为了确保没有as-markdown类的代码块被照常解释,我包含了一个haskell代码块。这是过滤器实现:

#!/usr/bin/env runhaskell
import Text.Pandoc.Definition       (Pandoc(..), Block(..), Format(..))
import Text.Pandoc.Error            (handleError)
import Text.Pandoc.JSON             (toJSONFilter)
import Text.Pandoc.Options          (def)
import Text.Pandoc.Readers.Markdown (readMarkdown)

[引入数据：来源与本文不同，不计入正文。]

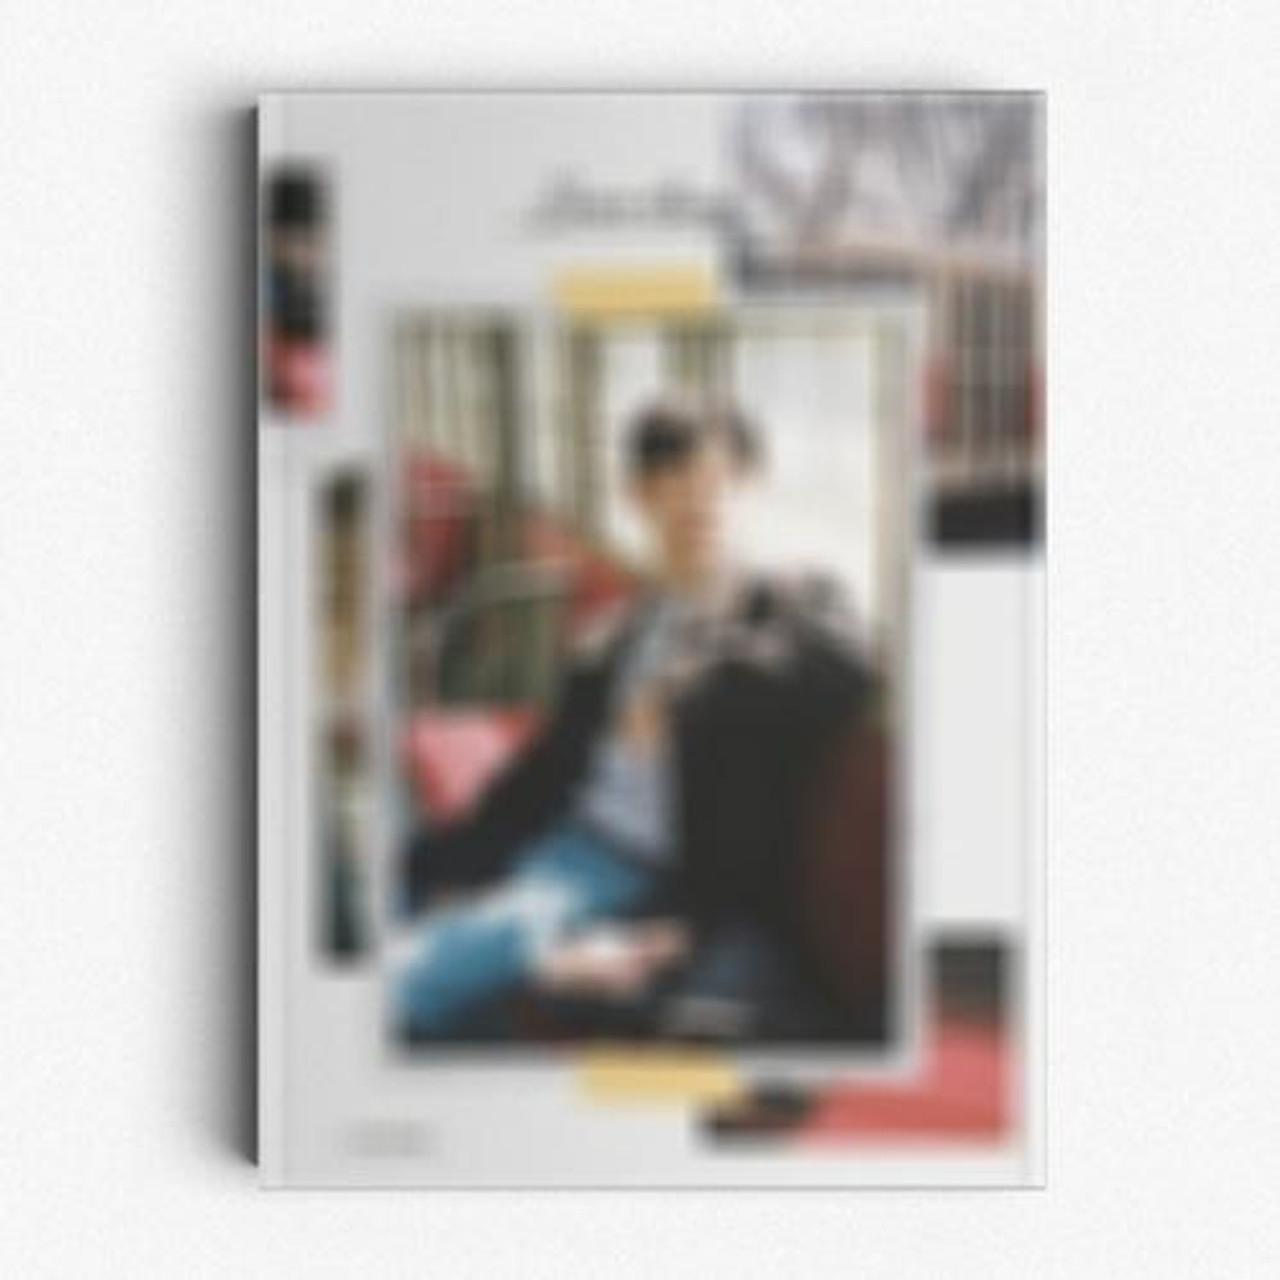 YOON JI SUNG - Special Album [Dear diary] + Poster

asMarkdown :: String -> [Block]
asMarkdown contents =
  case handleError $ readMarkdown def contents of
    Pandoc _ blocks -> blocks

-- | Unwrap each CodeBlock with the "as-markdown" class, interpreting
-- its contents as Markdown.
markdownCodeBlock :: Maybe Format -> Block -> IO [Block]
markdownCodeBlock _ cb@(CodeBlock (_id, classes, _namevals) contents) =
  if "as-markdown" `elem` classes then
    return $ asMarkdown contents
  else
    return [cb]
markdownCodeBlock _ x = return [x]

main :: IO ()
main = toJSONFilter markdownCodeBlock

运行pandoc --filter markdown-code-block.hs index.md会产生:

<h1 id="my-header">My header</h1>
<p>This is regular text. This is regular text.</p>
<blockquote>
<p>This is the first level of quoting.</p>
<blockquote>
<p>This is nested blockquote.</p>
</blockquote>
<p>Back to the first level.</p>
</blockquote>
<ul>
<li>Red</li>
<li>Green</li>
<li>Blue</li>
</ul>
<div class="sourceCode"><pre class="sourceCode haskell"><code class="sourceCode haskell"><span class="ot">main ::</span> <span class="dt">IO</span> ()</code></pre></div>

几乎就在那里!唯一不恰当的部分是HTML属性。

代码块元数据中的自定义HTML属性

以下过滤器可帮助您入门。当目标格式为web-script<script>时,它会将带有html类的代码块转换为HTML html5代码。

#!/usr/bin/env runhaskell
import Text.Pandoc.Builder
import Text.Pandoc.JSON

webFormats :: [String]
webFormats =
  [ "html"
  , "html5"
  ]

script :: String -> Block
script src = Para $ toList $ rawInline "html" ("<script type='application/javascript'>" <> src <> "</script>")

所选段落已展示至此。